A structured set of objections, weighed in public.

Desk editor's note, referee report, simulated authors' rebuttal, and a circularity audit. Tearing a paper down is the easy half of reading it; the pith above is the substance, this is the friction.

Referee Report

1 major / 0 minor

Summary. The paper introduces a reproducible mechanism-level DDI prediction protocol using a 7-family/147-subtype taxonomy, leakage-safe cold splits, and auditable reasoning metrics. It proposes MARD-7B, a 7B model trained via mirror-augmented reasoning distillation (single-token KL on direction tags, PRM-weighted DPO with programmatic hard negatives, and leakage-safe mechanism-aware retrieval). On the April-2026 DrugBank release, MARD-7B is claimed to be the sole system among 32 whose accuracy survives drug-pair novelty, outperforming the best baseline by +13.9 pp and GPT-4o by +6.7 pp at ~1% API cost, with an anti-memorization signature where accuracy rises on rarely seen drugs. Code, corpus, DDI-PRM, and retrieval index are released.

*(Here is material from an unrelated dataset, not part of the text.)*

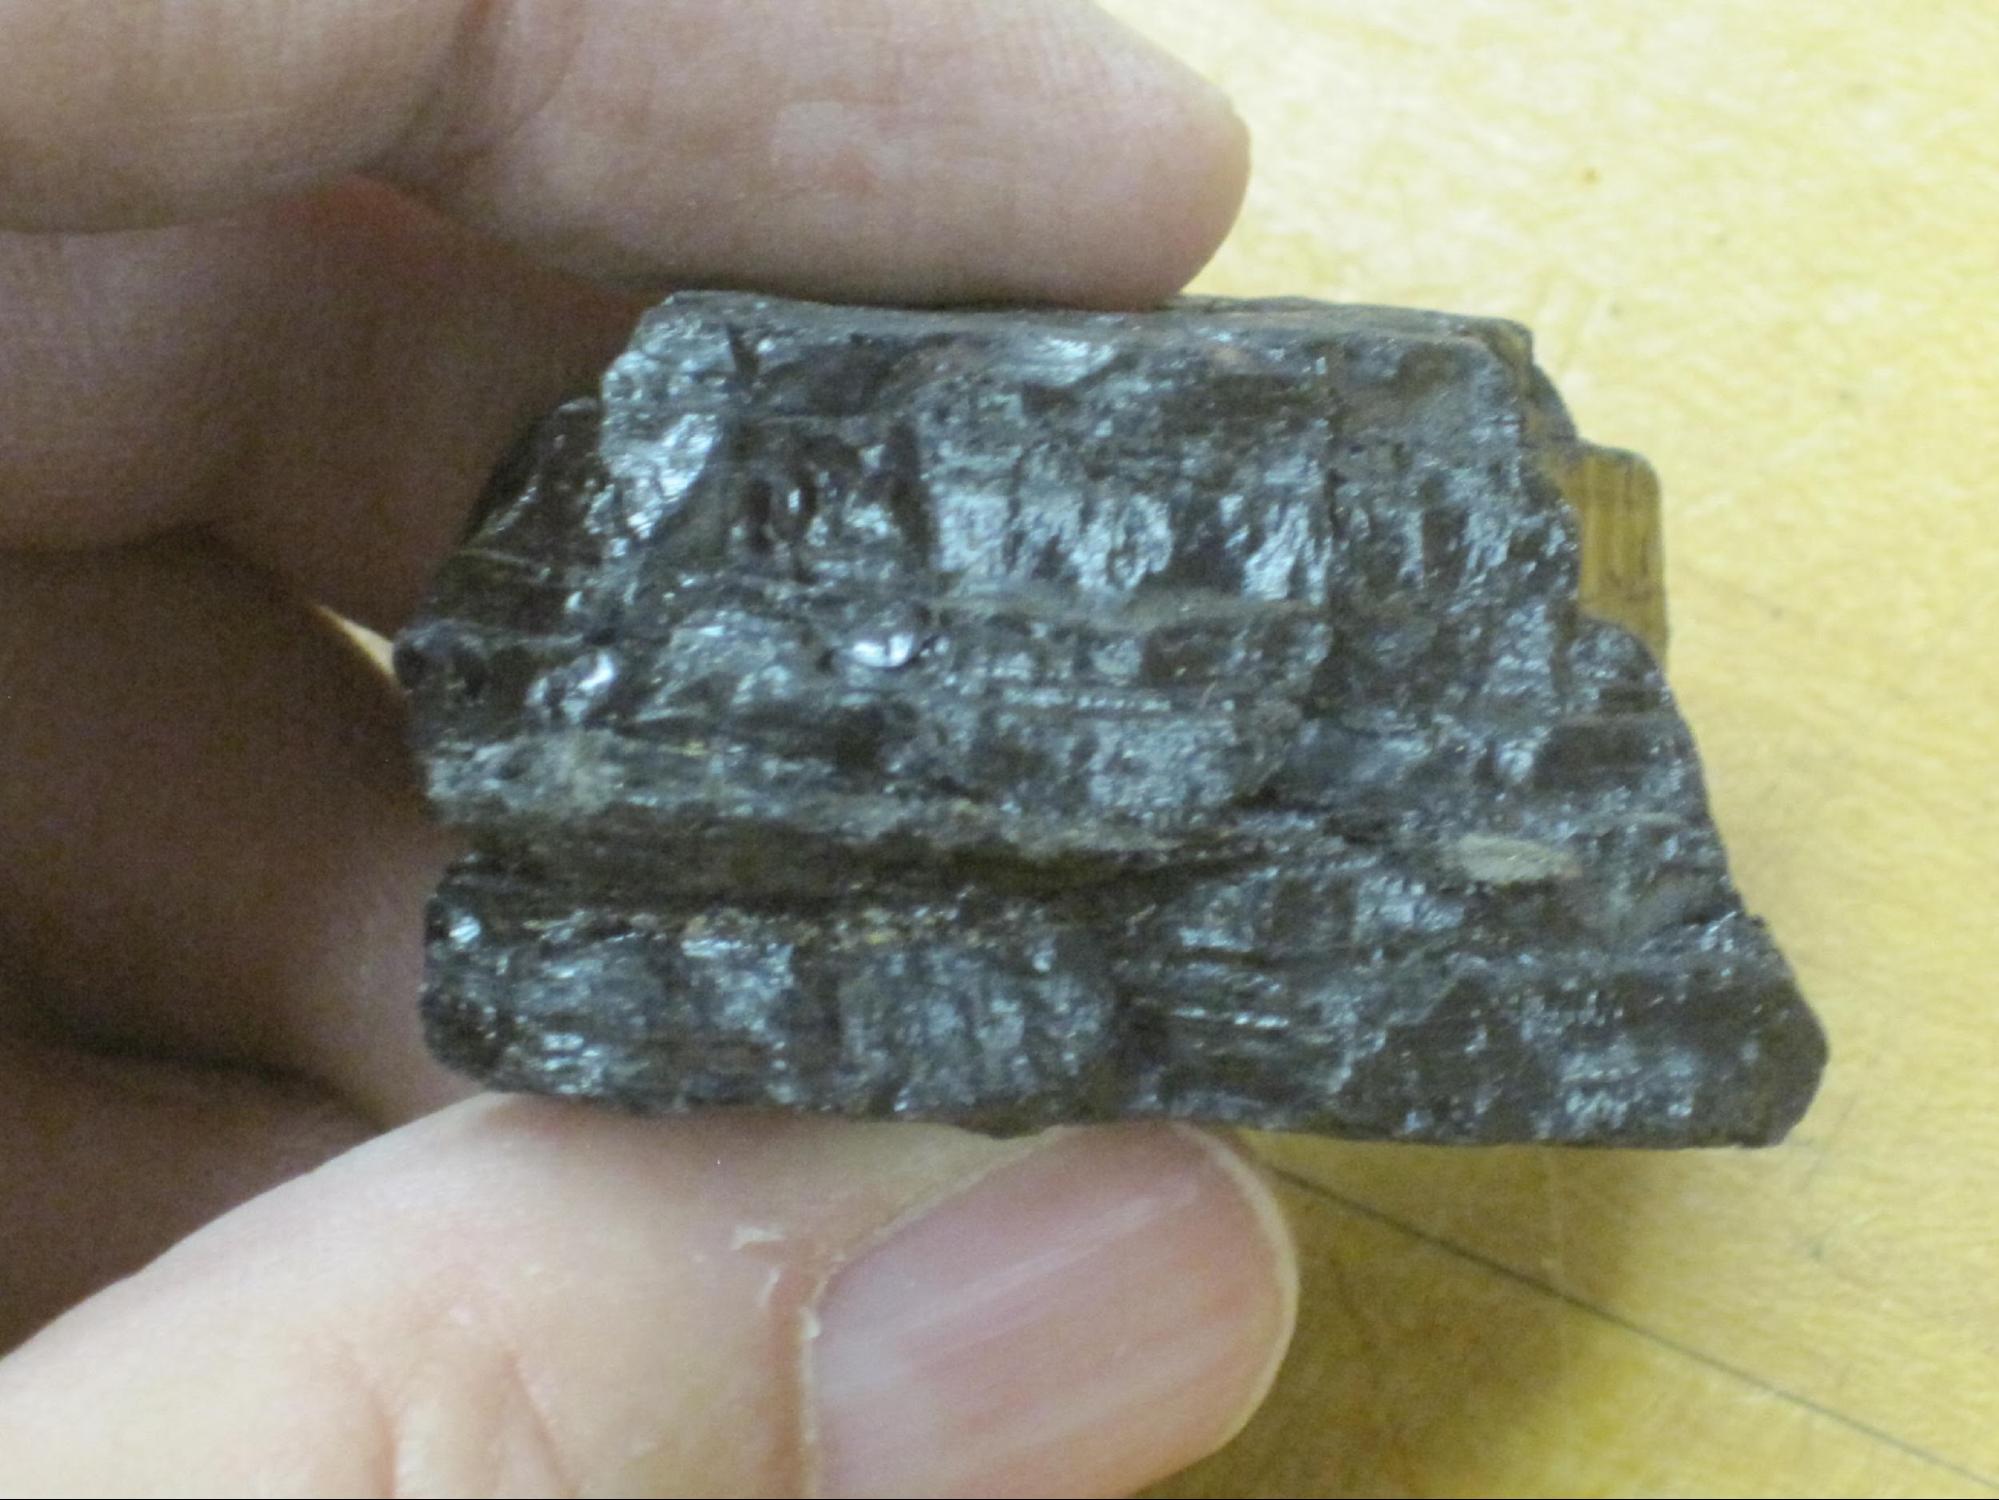 Anthracite coal

Significance. If the cold-split protocols and taxonomy truly eliminate leakage on drugs, pairs, and subtypes while the gains reflect structured pharmacological reasoning, the work would advance DDI prediction beyond flat classification toward mechanism-level, generalizable, and low-cost models. The automatic verifiability of process rewards against DrugBank fields and the release of training artifacts are strengths supporting reproducibility.

major comments (1)
  1. [Abstract and evaluation protocol section] Abstract and evaluation protocol section: the central claim that MARD-7B is the only system whose accuracy survives drug-pair novelty (with +13.9 pp gain) rests on the unverified assertion that the 7-family/147-subtype taxonomy plus cold-split protocols ensure zero shared drugs, zero shared pairs, zero shared mechanism subtypes, and a retrieval index built strictly on train-only data. No explicit audit, split statistics, or code snippet confirming these properties is provided, leaving open the possibility that performance exploits taxonomy-level patterns or retrieval leakage rather than genuine generalization.

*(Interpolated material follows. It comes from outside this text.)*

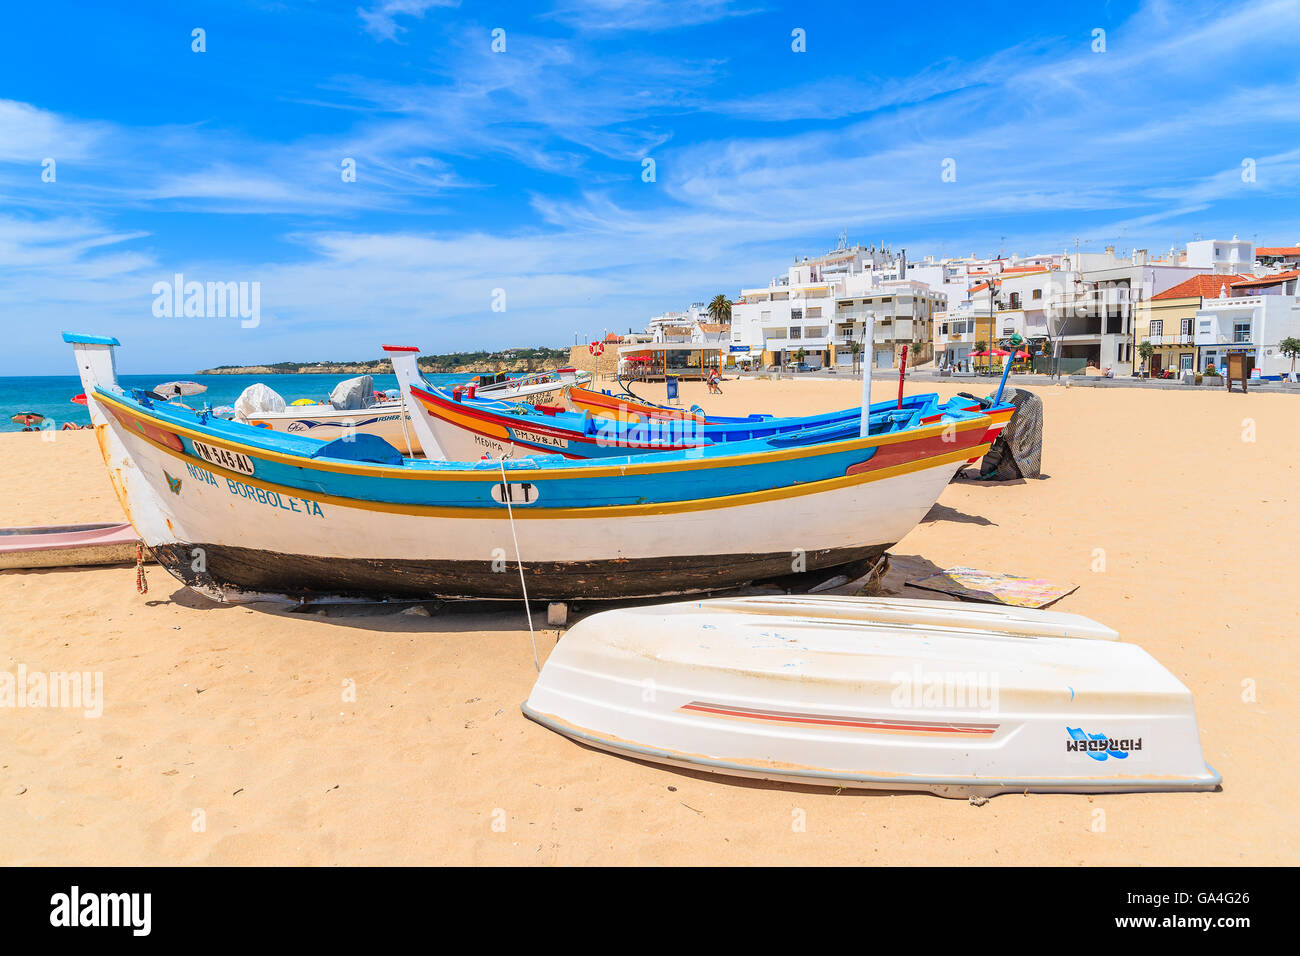 ARMACAO DE PERA, PORTUGAL - 17 MAI 2015 : bateaux de pêche colorés typiques sur la plage à Armacao de Pera ville côtière. Région de l'Algarve est une destination de vacances populaire au Portugal. Banque D'Images

Simulated Author's Rebuttal

1 responses · 0 unresolved

Thank you for your constructive review. We agree that explicit verification of the leakage-safe properties is necessary to support the central claims and will strengthen the manuscript accordingly.

read point-by-point responses
  1. Referee: [Abstract and evaluation protocol section] Abstract and evaluation protocol section: the central claim that MARD-7B is the only system whose accuracy survives drug-pair novelty (with +13.9 pp gain) rests on the unverified assertion that the 7-family/147-subtype taxonomy plus cold-split protocols ensure zero shared drugs, zero shared pairs, zero shared mechanism subtypes, and a retrieval index built strictly on train-only data. No explicit audit, split statistics, or code snippet confirming these properties is provided, leaving open the possibility that performance exploits taxonomy-level patterns or retrieval leakage rather than genuine generalization.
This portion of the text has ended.